Actually, what ever happened to that thread about matching keys and possibly swapping with other Outbackers? For the life of me I can't find it... Wasn't someone keeping a list?


----------



## Oldschool (Mar 15, 2006)

We went to the local locksmith and had no problem getting keys.

Yes, all the local hardware stores were unable to match them.

The locksmith recommended changing all the locks though because, apparently, all you yahoos out there have the same key!


----------



## tdvffjohn (Mar 10, 2005)

WAcamper said:


> Actually, what ever happened to that thread about matching keys and possibly swapping with other Outbackers? For the life of me I can't find it... Wasn't someone keeping a list?
> [snapback]91518[/snapback]​


I need to find the post and list. As far as us Yahoo s







having the same key, only the storage doors are the same.

John


----------



## Thor (Apr 7, 2004)

John

The Niagara rally....There will be plenty of opportunties to switch out locks and keys....This way the Yahoos can't get in









Thor


----------



## LarryTheOutback (Jun 15, 2005)

tdvffjohn said:


> ...only the storage doors (keys) are the same.
> 
> [snapback]91703[/snapback]​


Not entirely true. The main door has two locks. The regular lock (for lack of a better term) can be opened by a master key owned by all dealers. This same master is used for several brands. There is at least one master key available for sale on the net.

The deadbolt lock works only with your key. That's why the dealer asks you to unlock the deadbolt when you leave the trailer for service.

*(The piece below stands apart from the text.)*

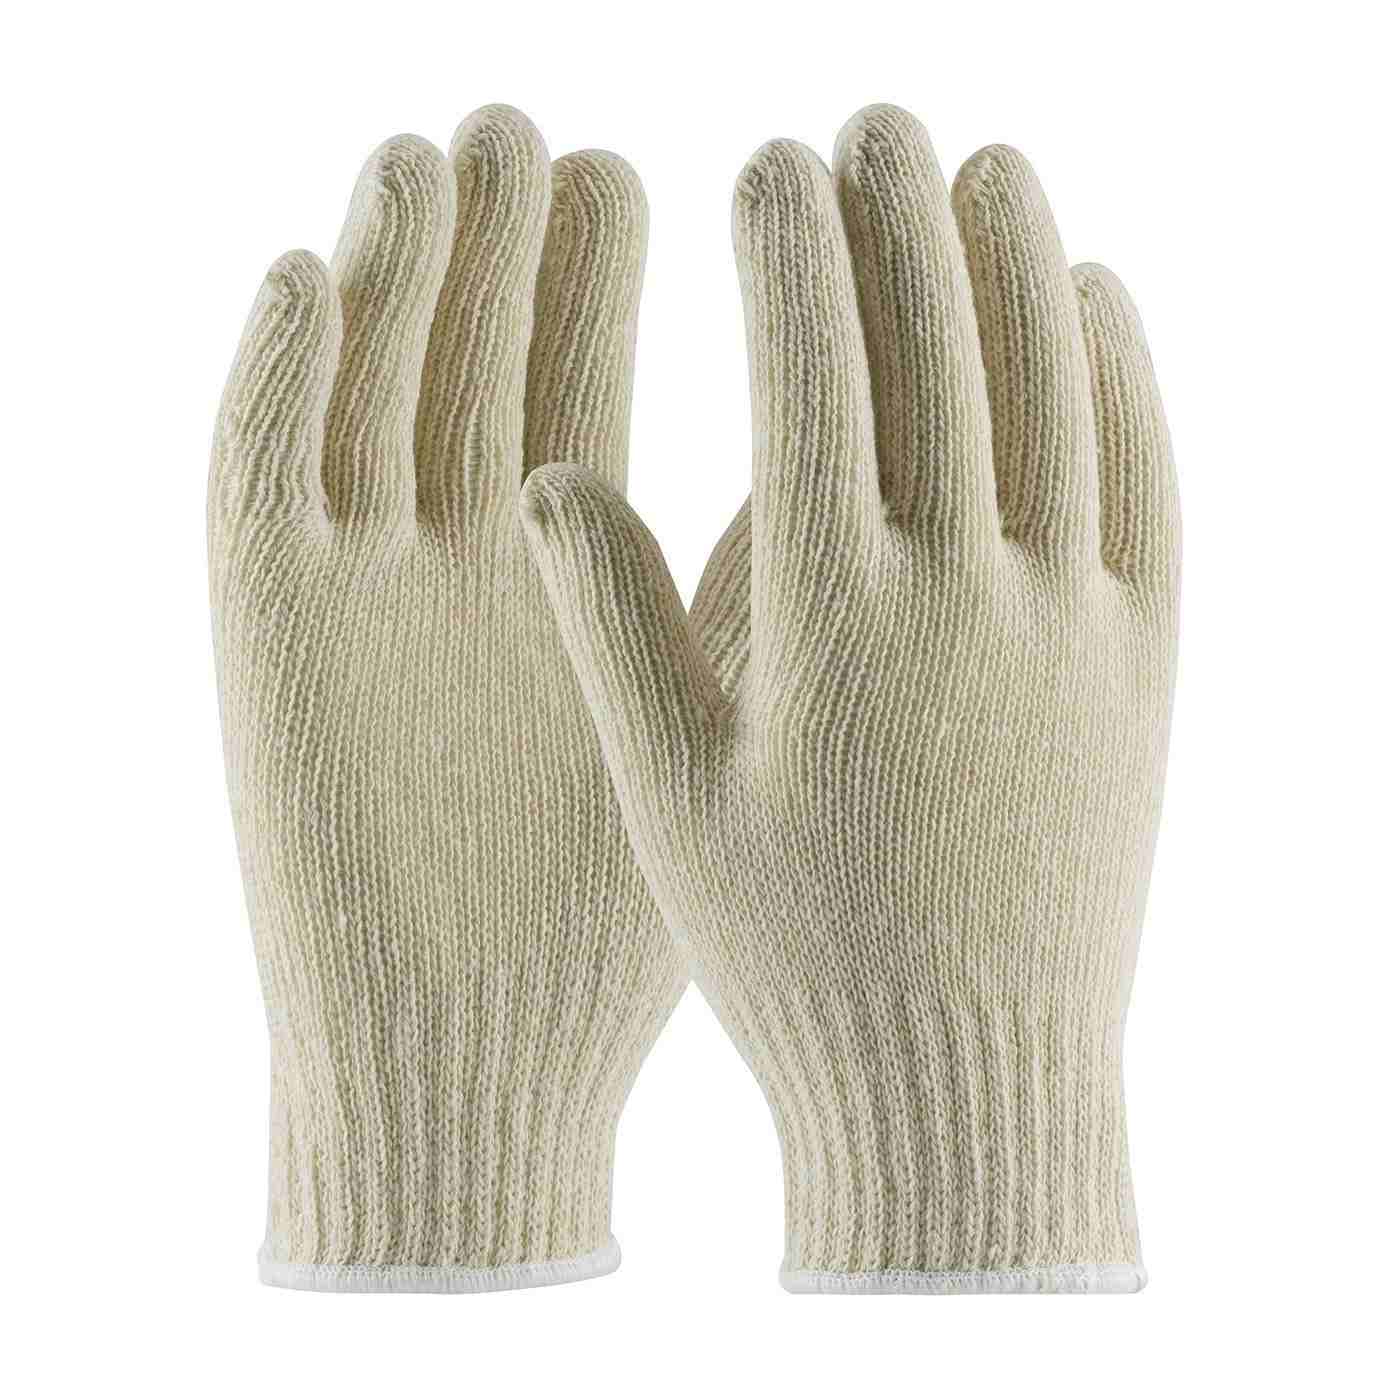 White Standard String Knit Poly/Cotton Gloves sold by the Dozen

Your mileage may vary, but that's the way all the Outbacks I've seen work.

Ed

BTW, let's try to keep the "trading of lock cores and keys" discussion back on that original thread which I believe is here.


----------



## j1mfrog (Jun 6, 2004)

Bought blank from dealer. Copy made at hardare store.


----------



## mountainlady56 (Feb 13, 2006)

A local hardware store is owned by a locksmith.....how convenient. Plan to take mine up there and let him turn the locks the right way and change the cylinders to be keyed alike. BTW, one of my locks is locked when vertical, while the others are locked when horizontal. It's weird!
Darlene action


----------



## Thor (Apr 7, 2004)

sgalady said:


> A local hardware store is owned by a locksmith.....how convenient. Plan to take mine up there and let him turn the locks the right way and change the cylinders to be keyed alike. BTW, one of my locks is locked when vertical, while the others are locked when horizontal. It's weird!
> Darlene action
> [snapback]91897[/snapback]​


I will have to check mine









How easy is it to remove the lock. Maybe I will take mine to a locksmith as well to have it re-cored.

Thor


----------



## hatcityhosehauler (Feb 13, 2004)

For those that have gone to a locksmith already, how much did they charge. I knew that all the outside compartment keys were the same, but I didn't know about the master for the door. I might considered changing the lockset entirely if possible.

Tim


----------



## wolfwood (Sep 19, 2005)

[....... a master key owned by all dealers. ] Talk about YAHOOs having keys.....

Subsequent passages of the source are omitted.